A faithful copy of all the data is the goal; omit the pictures.

**Supplied material**.
——
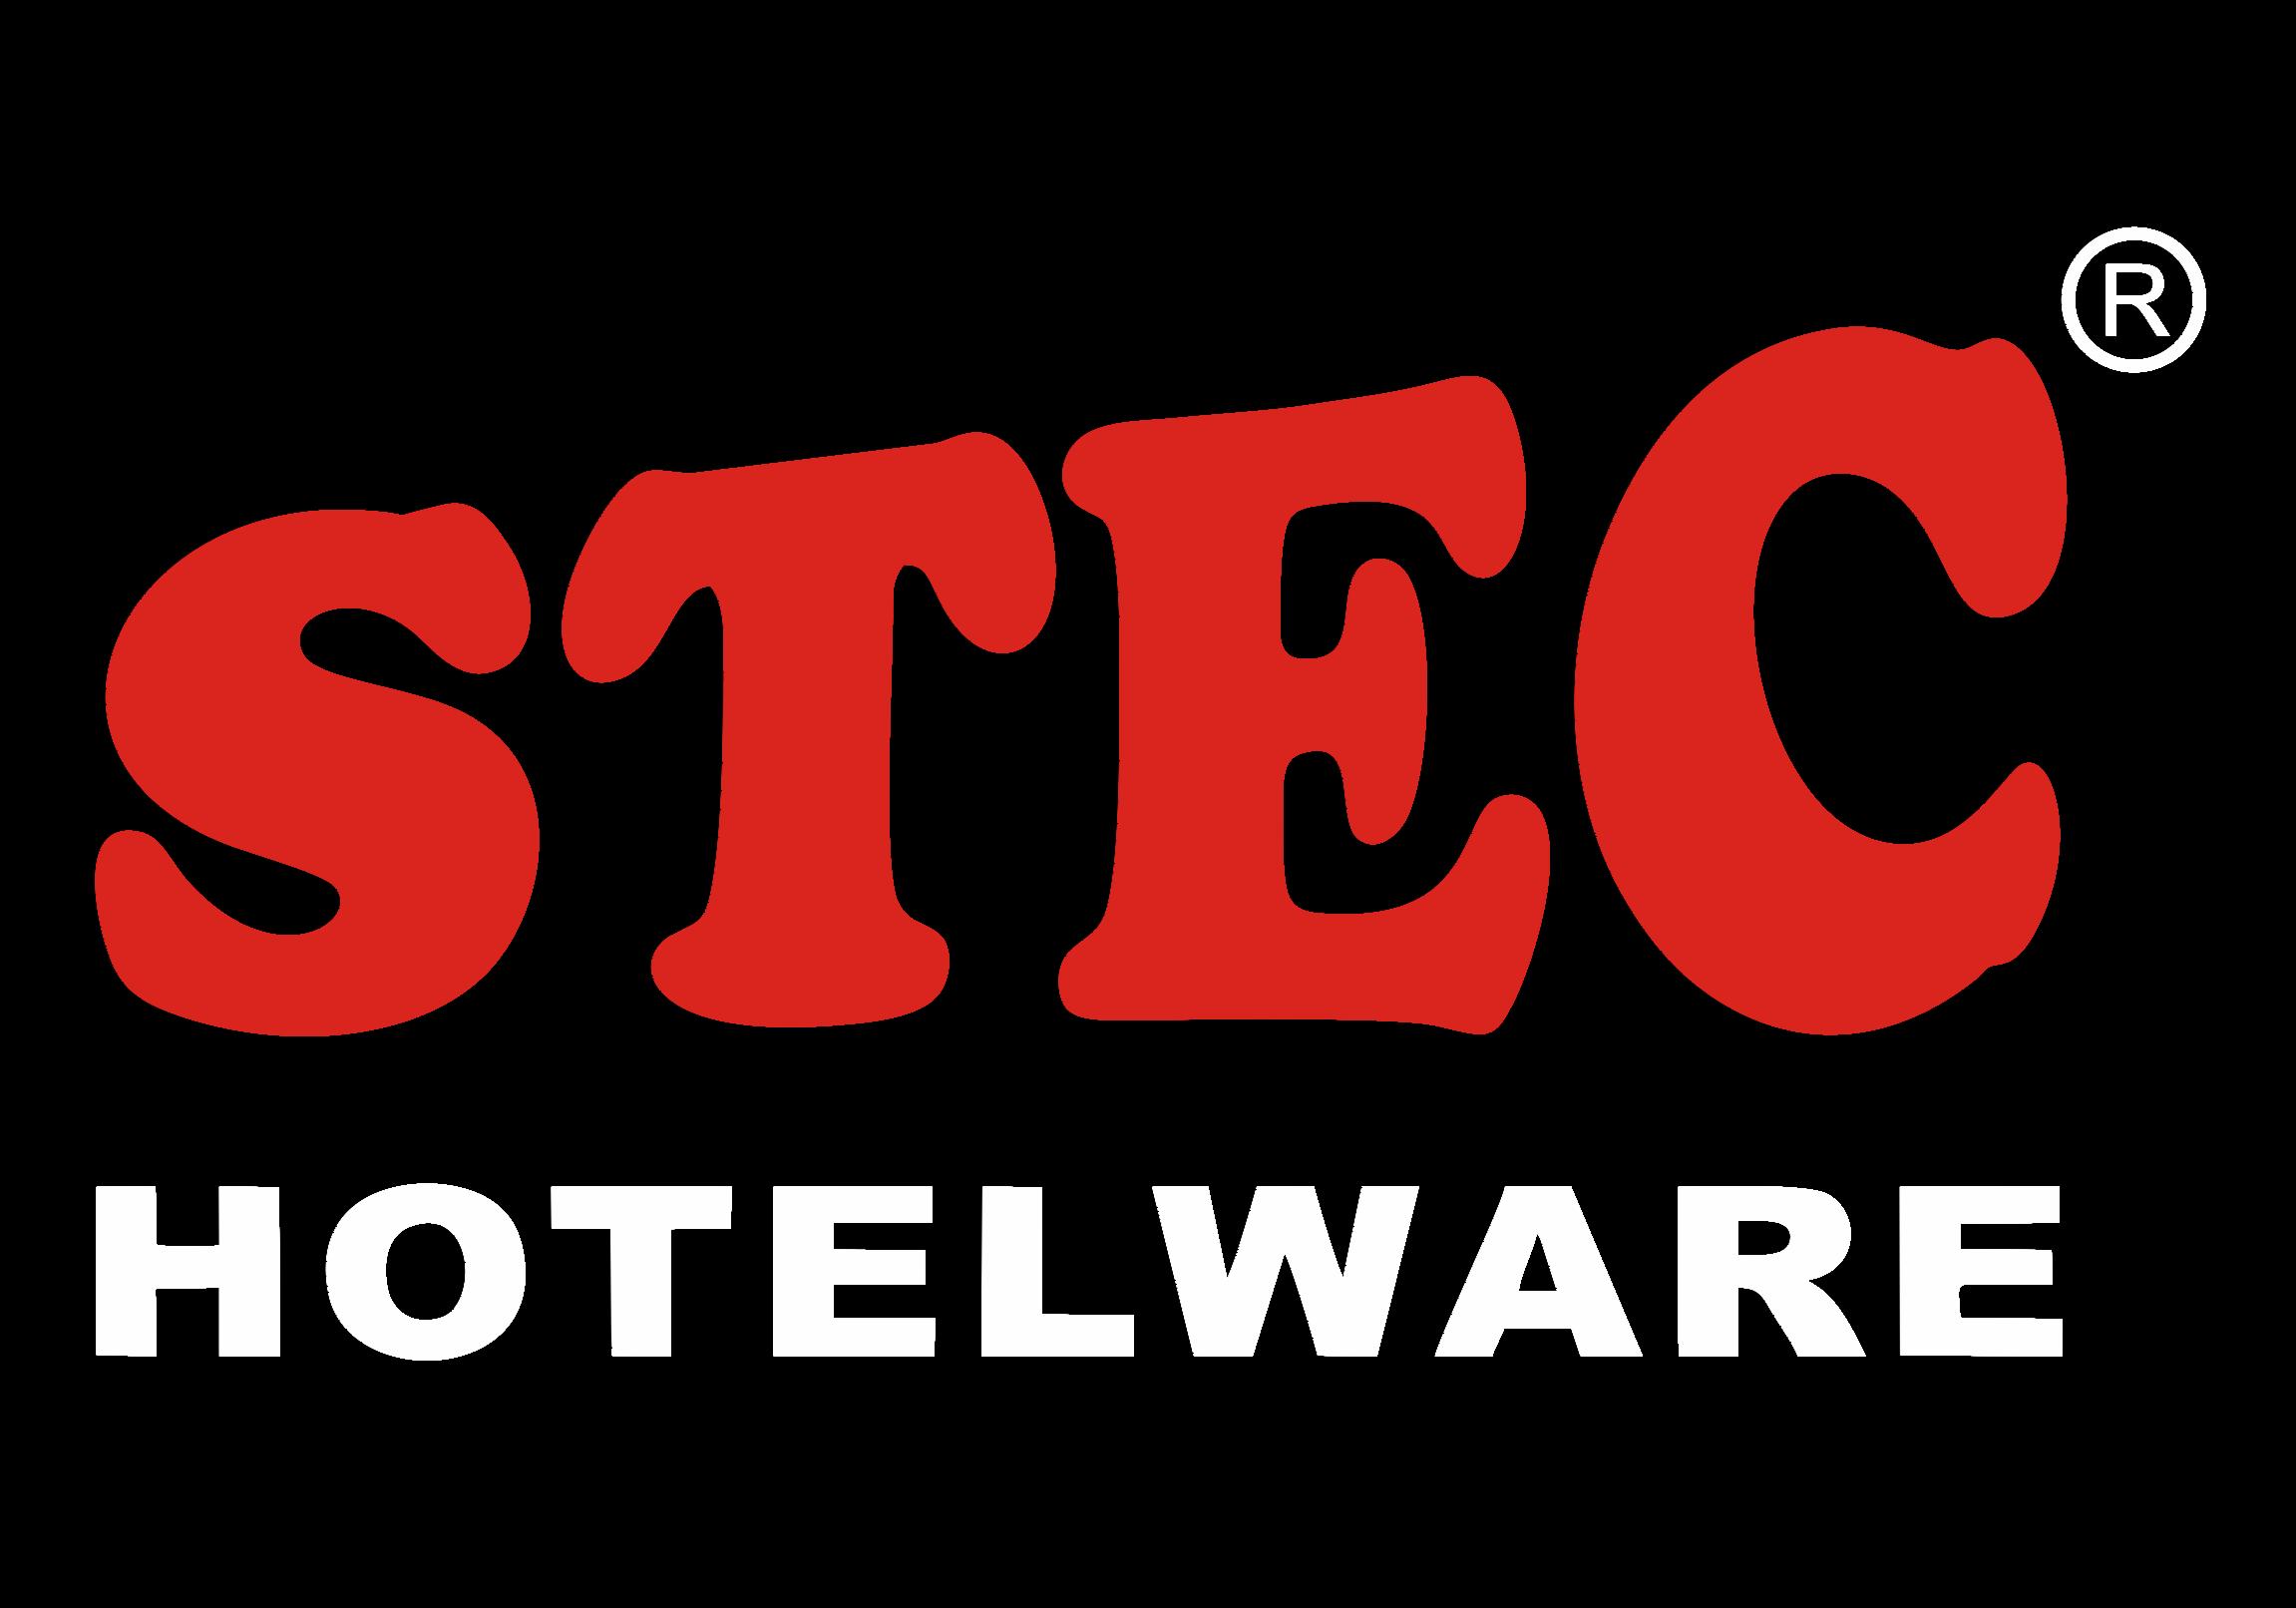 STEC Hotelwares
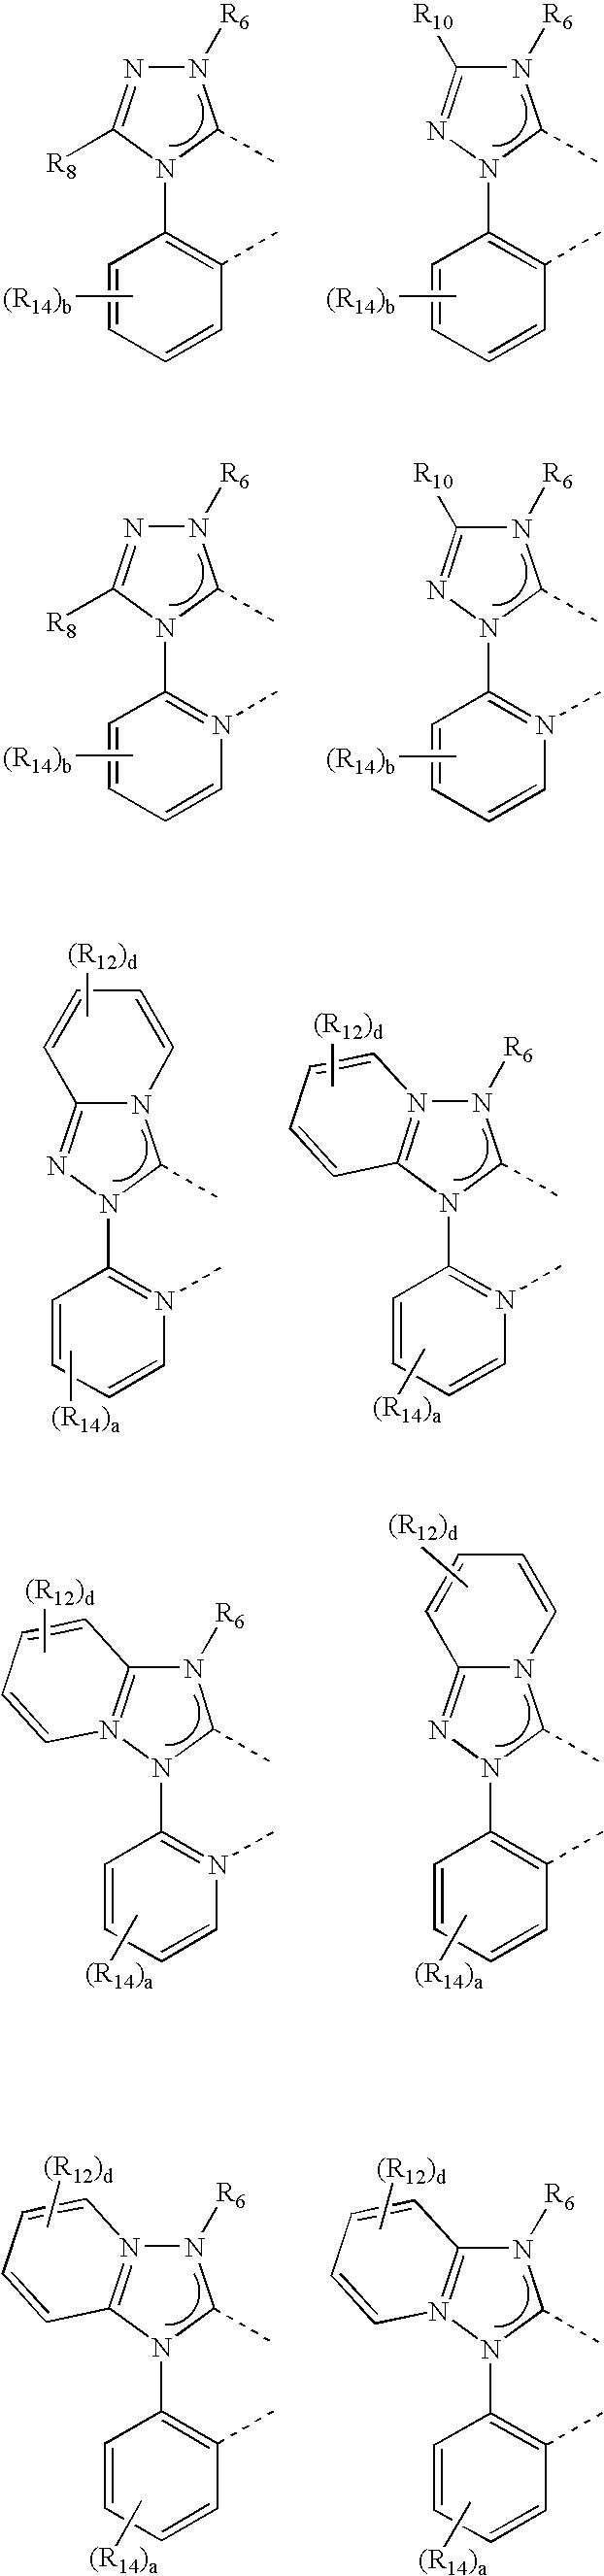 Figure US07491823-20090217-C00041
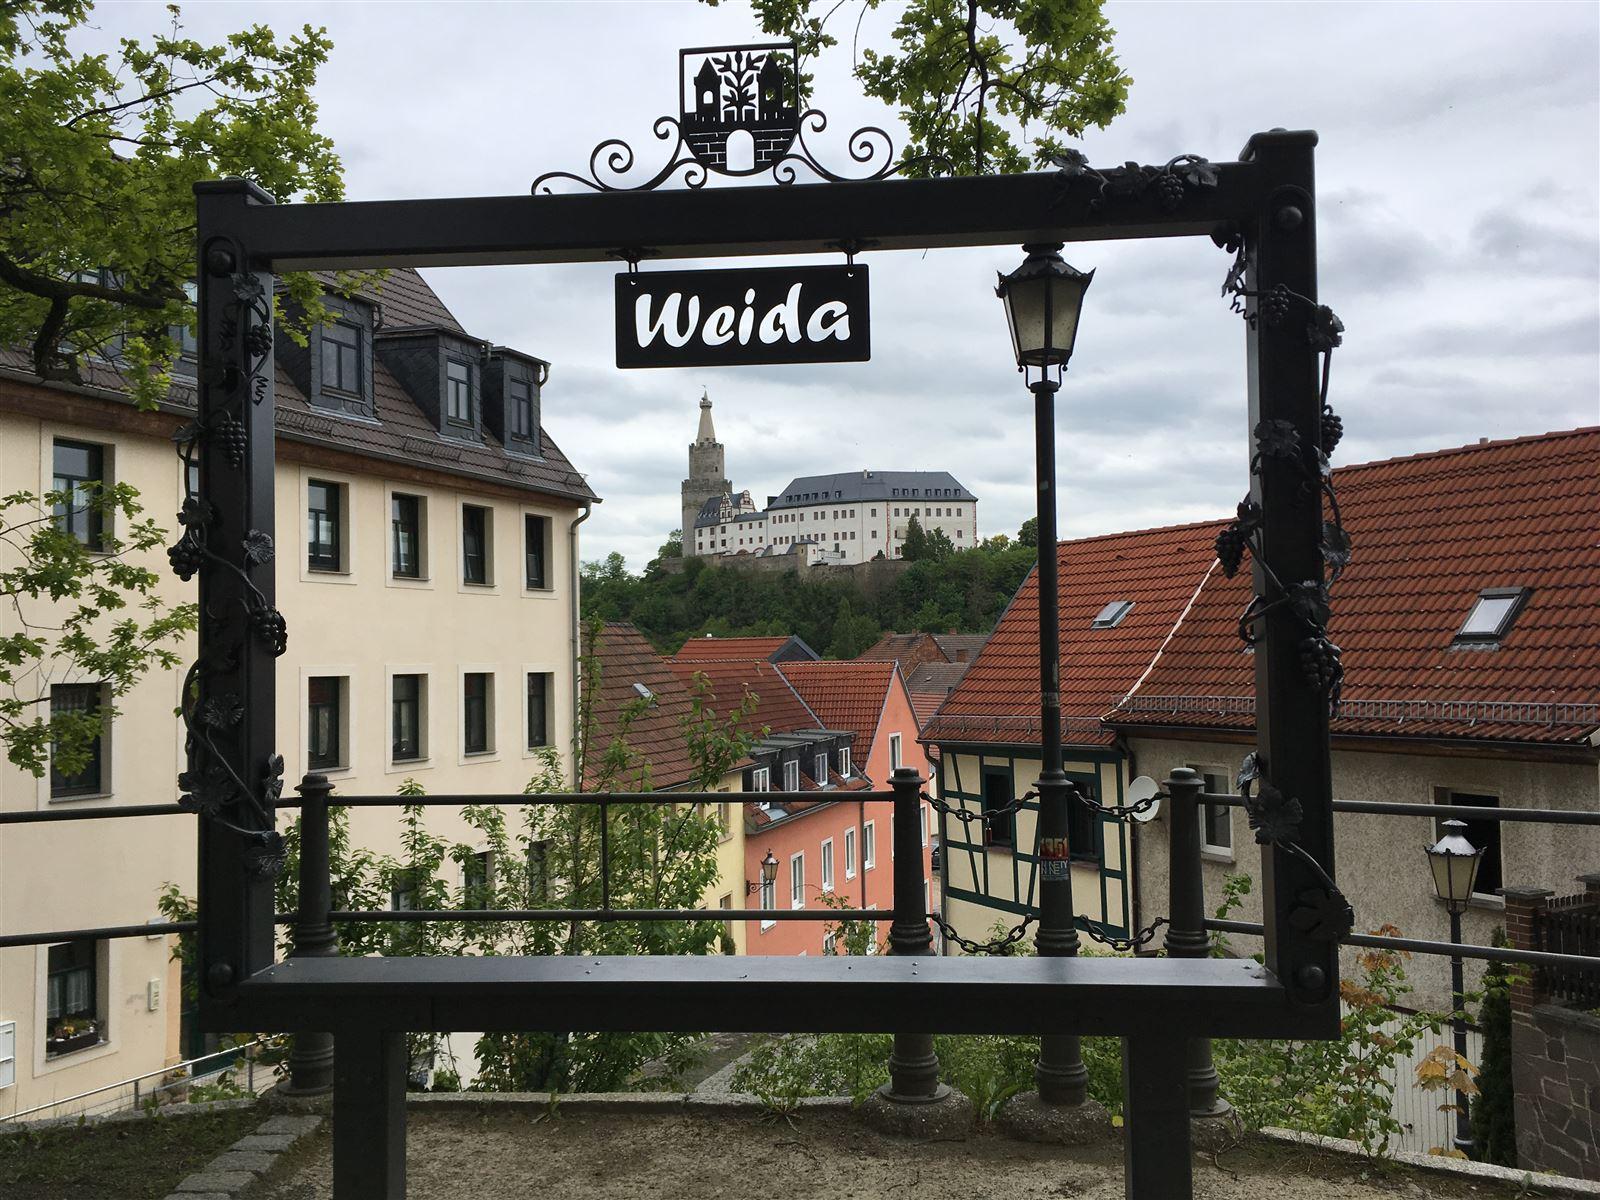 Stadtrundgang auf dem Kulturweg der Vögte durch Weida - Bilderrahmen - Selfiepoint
——
**Answer to this exercise**.
 STEC Hotelwares
 Figure US07491823-20090217-C00041
 Stadtrundgang auf dem Kulturweg der Vögte durch Weida - Bilderrahmen - Selfiepoint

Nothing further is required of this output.